* _EXCERPTED RECORDS_
# # # #

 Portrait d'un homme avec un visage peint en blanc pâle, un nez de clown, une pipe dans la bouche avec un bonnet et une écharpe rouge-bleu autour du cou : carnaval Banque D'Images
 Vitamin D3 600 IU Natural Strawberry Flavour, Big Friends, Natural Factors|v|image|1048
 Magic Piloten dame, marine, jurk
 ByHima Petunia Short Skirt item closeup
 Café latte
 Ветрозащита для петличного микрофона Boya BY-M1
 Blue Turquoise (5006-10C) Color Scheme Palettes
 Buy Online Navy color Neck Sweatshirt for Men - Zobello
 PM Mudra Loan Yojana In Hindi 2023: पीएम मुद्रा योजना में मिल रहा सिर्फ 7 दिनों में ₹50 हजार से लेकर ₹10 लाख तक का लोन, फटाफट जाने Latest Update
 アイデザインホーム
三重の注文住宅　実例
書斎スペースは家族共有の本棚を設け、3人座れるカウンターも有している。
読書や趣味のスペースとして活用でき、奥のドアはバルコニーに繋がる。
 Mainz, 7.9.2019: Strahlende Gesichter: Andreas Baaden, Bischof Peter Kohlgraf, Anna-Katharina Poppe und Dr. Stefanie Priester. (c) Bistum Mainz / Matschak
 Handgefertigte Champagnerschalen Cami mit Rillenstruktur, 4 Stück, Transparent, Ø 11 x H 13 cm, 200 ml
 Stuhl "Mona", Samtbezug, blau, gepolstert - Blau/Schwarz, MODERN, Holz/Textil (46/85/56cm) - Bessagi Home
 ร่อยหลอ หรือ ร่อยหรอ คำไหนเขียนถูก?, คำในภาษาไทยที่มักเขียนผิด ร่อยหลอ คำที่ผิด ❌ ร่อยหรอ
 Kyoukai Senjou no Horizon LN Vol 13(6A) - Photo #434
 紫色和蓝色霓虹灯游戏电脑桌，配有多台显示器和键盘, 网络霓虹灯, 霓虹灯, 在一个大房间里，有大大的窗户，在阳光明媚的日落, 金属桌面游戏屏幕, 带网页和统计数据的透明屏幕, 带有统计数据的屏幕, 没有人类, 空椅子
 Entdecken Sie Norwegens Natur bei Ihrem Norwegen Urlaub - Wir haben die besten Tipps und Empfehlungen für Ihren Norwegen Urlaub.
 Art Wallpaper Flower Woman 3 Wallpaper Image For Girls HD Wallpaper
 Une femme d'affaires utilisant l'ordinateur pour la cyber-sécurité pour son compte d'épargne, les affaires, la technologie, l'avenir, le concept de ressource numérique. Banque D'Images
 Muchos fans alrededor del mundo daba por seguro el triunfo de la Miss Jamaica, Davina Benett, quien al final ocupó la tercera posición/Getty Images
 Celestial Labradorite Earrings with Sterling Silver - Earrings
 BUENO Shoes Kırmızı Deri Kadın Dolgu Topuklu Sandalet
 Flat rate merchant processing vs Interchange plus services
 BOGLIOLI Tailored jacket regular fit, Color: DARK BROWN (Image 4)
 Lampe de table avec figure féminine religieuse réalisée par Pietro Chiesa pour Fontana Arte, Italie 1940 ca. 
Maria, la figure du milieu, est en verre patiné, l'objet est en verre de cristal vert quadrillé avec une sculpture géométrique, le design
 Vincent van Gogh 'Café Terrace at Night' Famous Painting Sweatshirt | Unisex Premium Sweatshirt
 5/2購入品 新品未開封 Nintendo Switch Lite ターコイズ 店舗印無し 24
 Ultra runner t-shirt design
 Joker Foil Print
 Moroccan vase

# # # #

* _EXERCISE_
All lines above containing the string "figure" are to be collected.

* _REPLY TO THE EXERCISE_
 Lampe de table avec figure féminine religieuse réalisée par Pietro Chiesa pour Fontana Arte, Italie 1940 ca. 
Maria, la figure du milieu, est en verre patiné, l'objet est en verre de cristal vert quadrillé avec une sculpture géométrique, le design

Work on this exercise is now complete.